▸ **What you need to do**
Copy out nothing but the lines from the one holding "A DIAMOND SET" through the end of the entries below, exactly as written and without the pictures.

▸ **Data items**
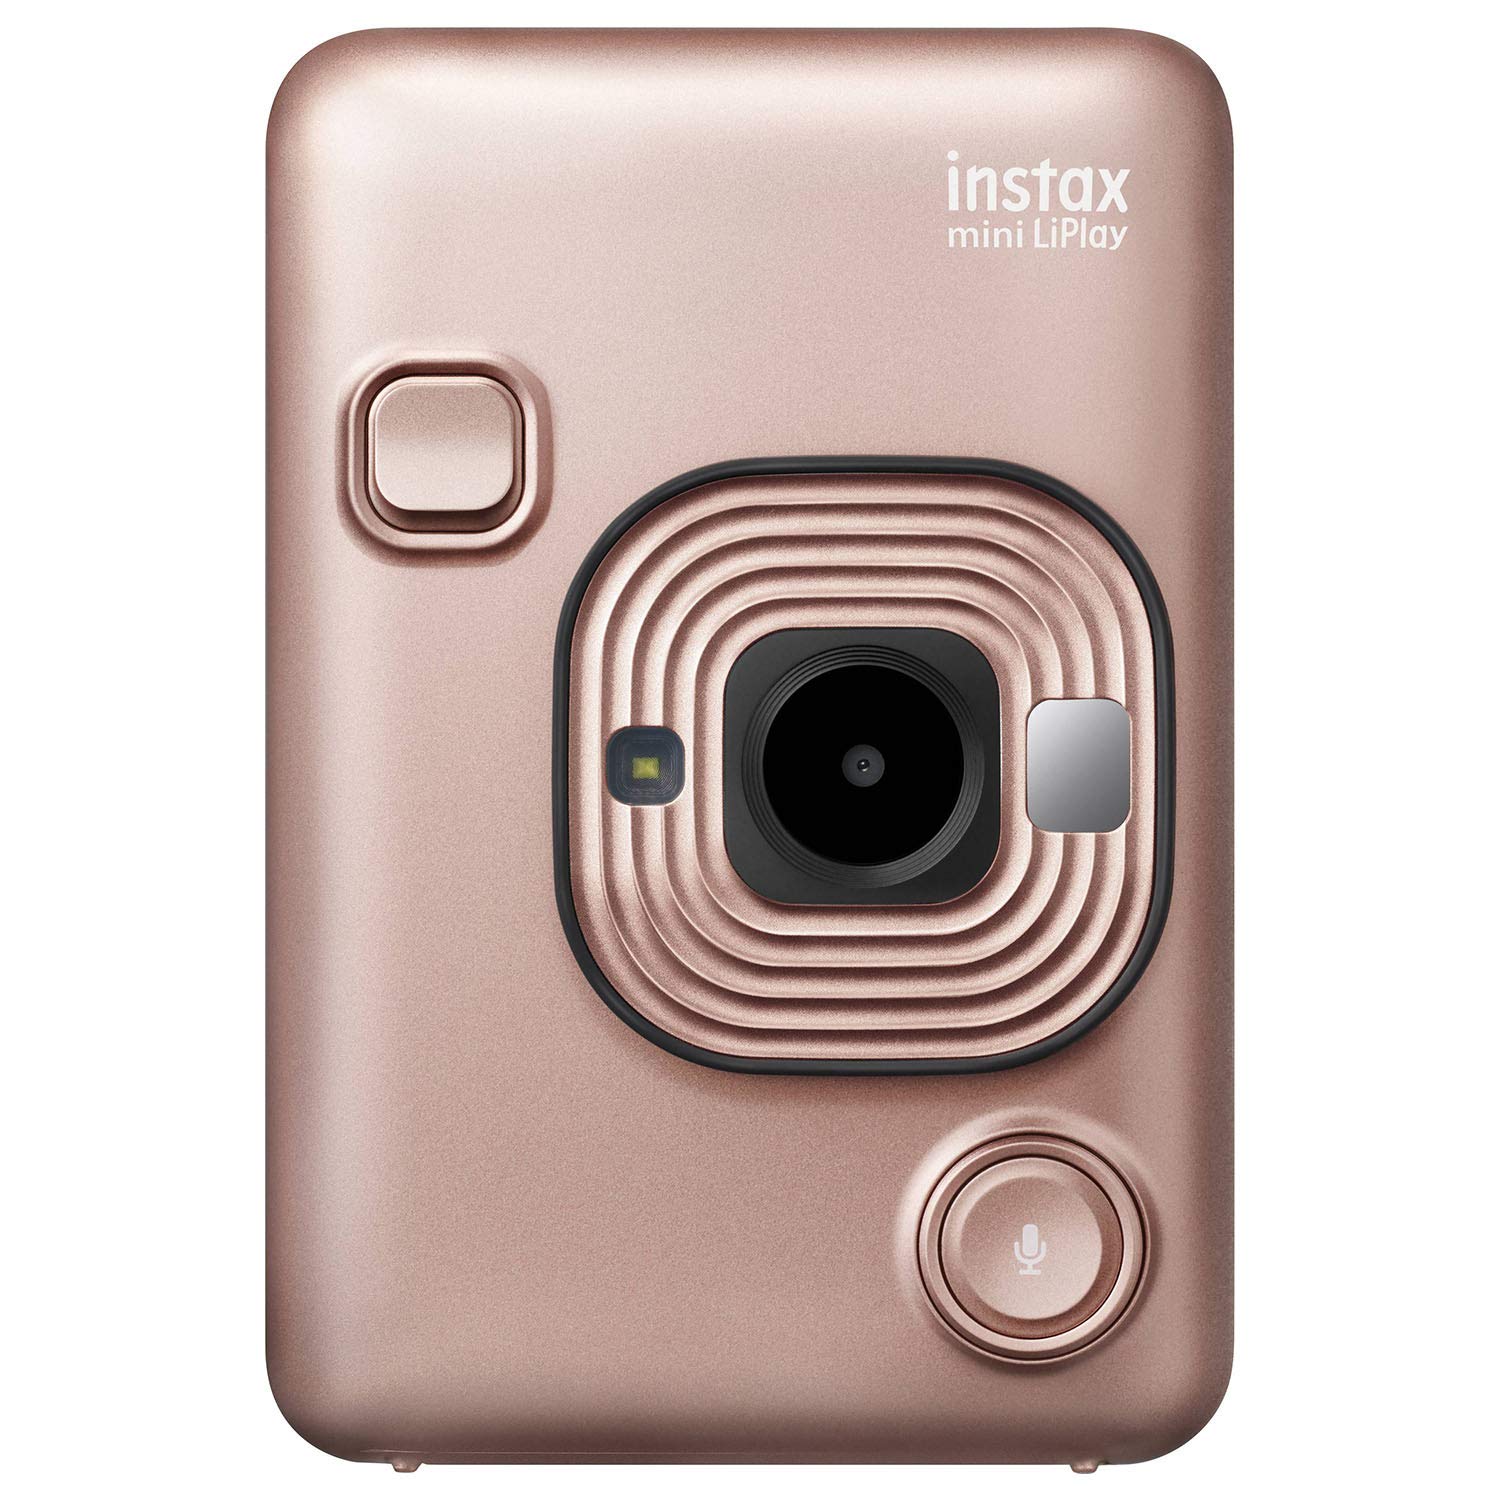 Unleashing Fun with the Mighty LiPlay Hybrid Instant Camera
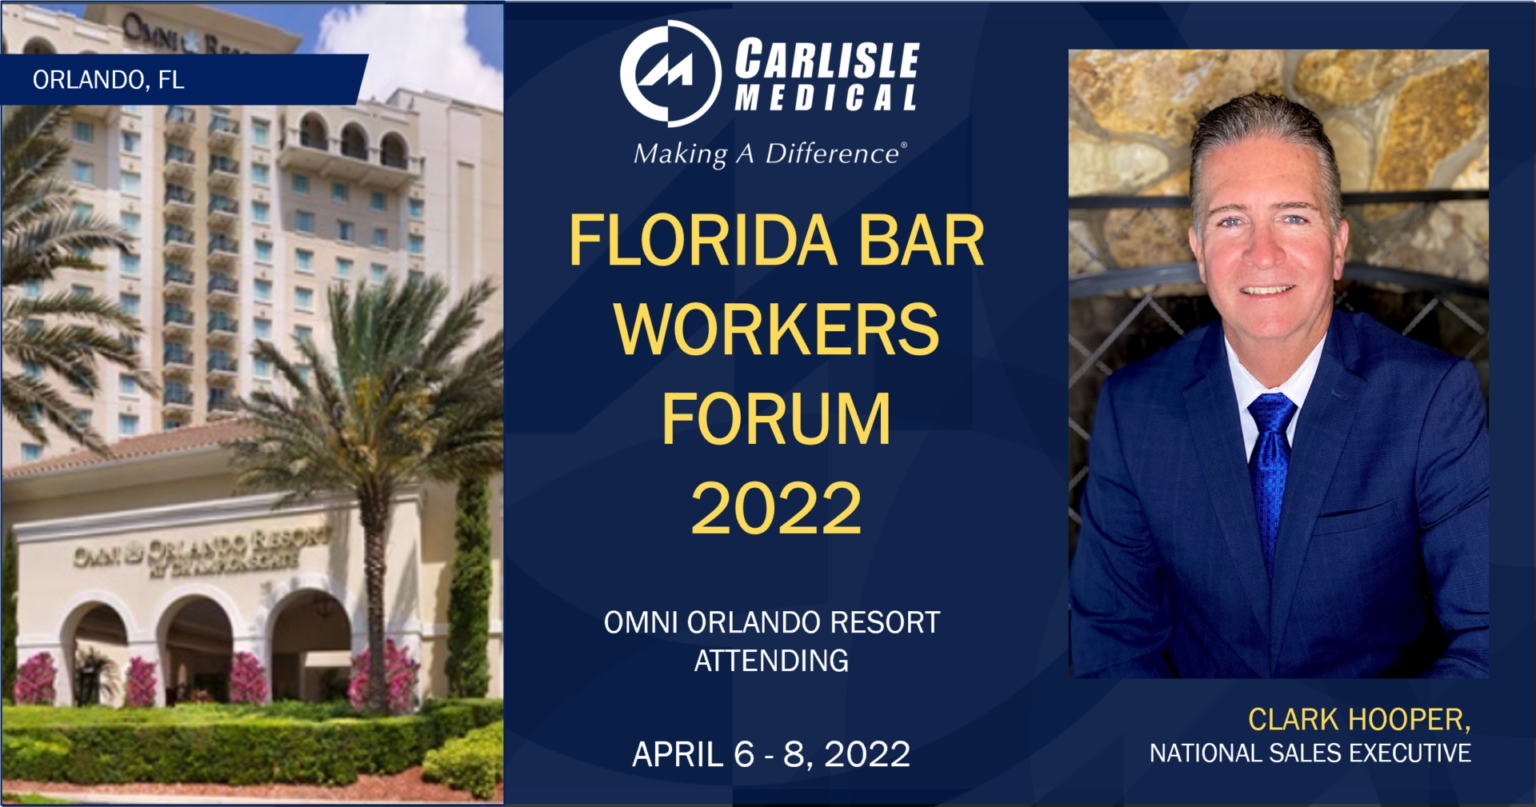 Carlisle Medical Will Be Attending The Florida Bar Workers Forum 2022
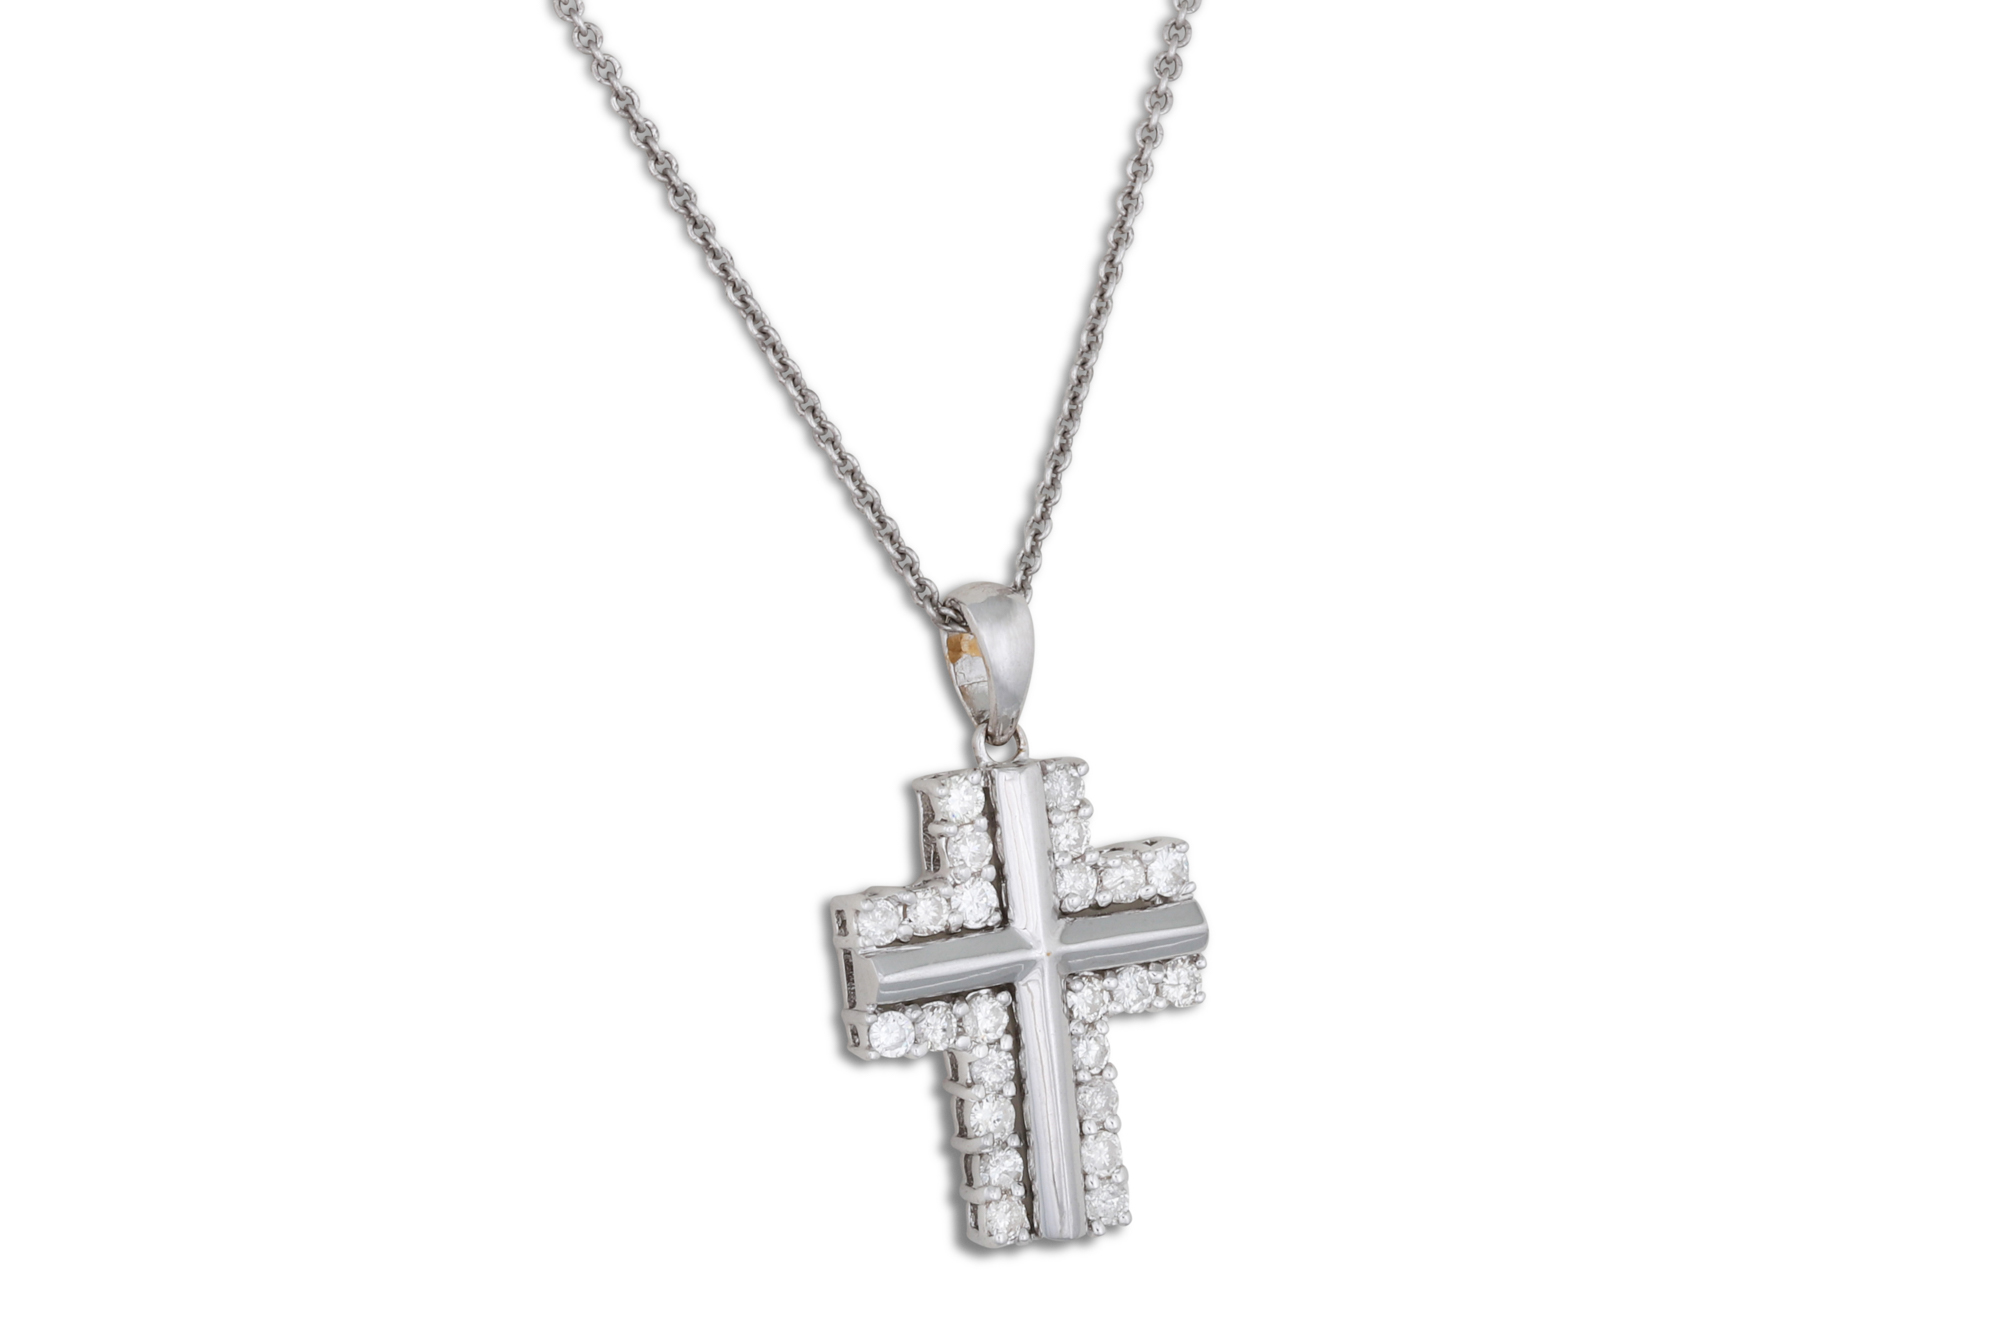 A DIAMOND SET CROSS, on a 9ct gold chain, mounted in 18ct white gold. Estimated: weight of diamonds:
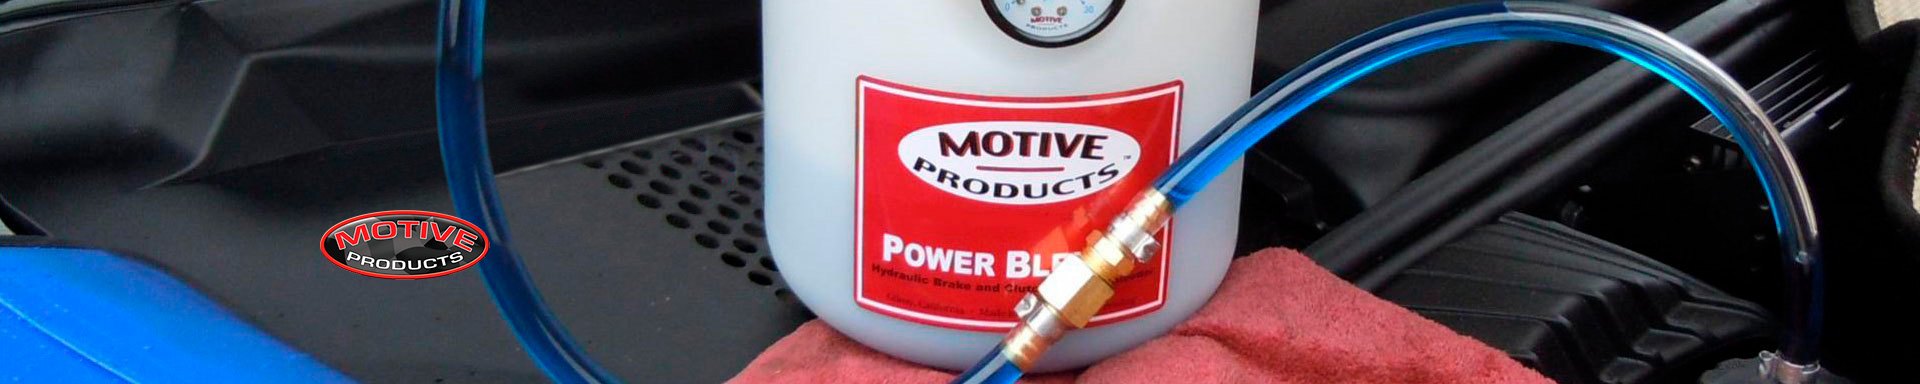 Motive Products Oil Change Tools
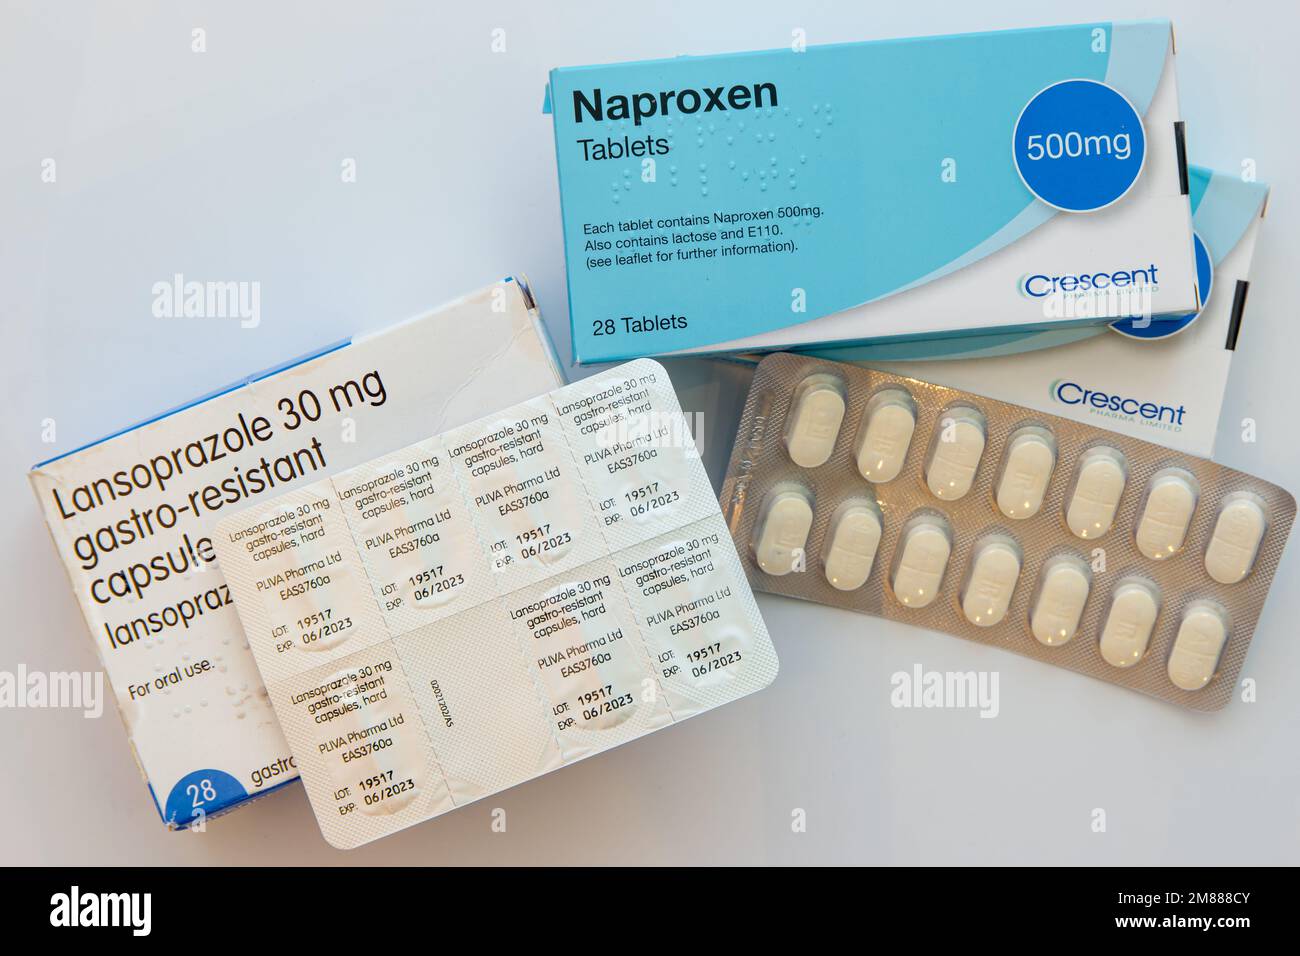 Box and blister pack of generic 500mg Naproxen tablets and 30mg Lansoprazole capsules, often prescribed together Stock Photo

▸ **Reply to the task**
 A DIAMOND SET CROSS, on a 9ct gold chain, mounted in 18ct white gold. Estimated: weight of diamonds:
 Motive Products Oil Change Tools
 Box and blister pack of generic 500mg Naproxen tablets and 30mg Lansoprazole capsules, often prescribed together Stock Photo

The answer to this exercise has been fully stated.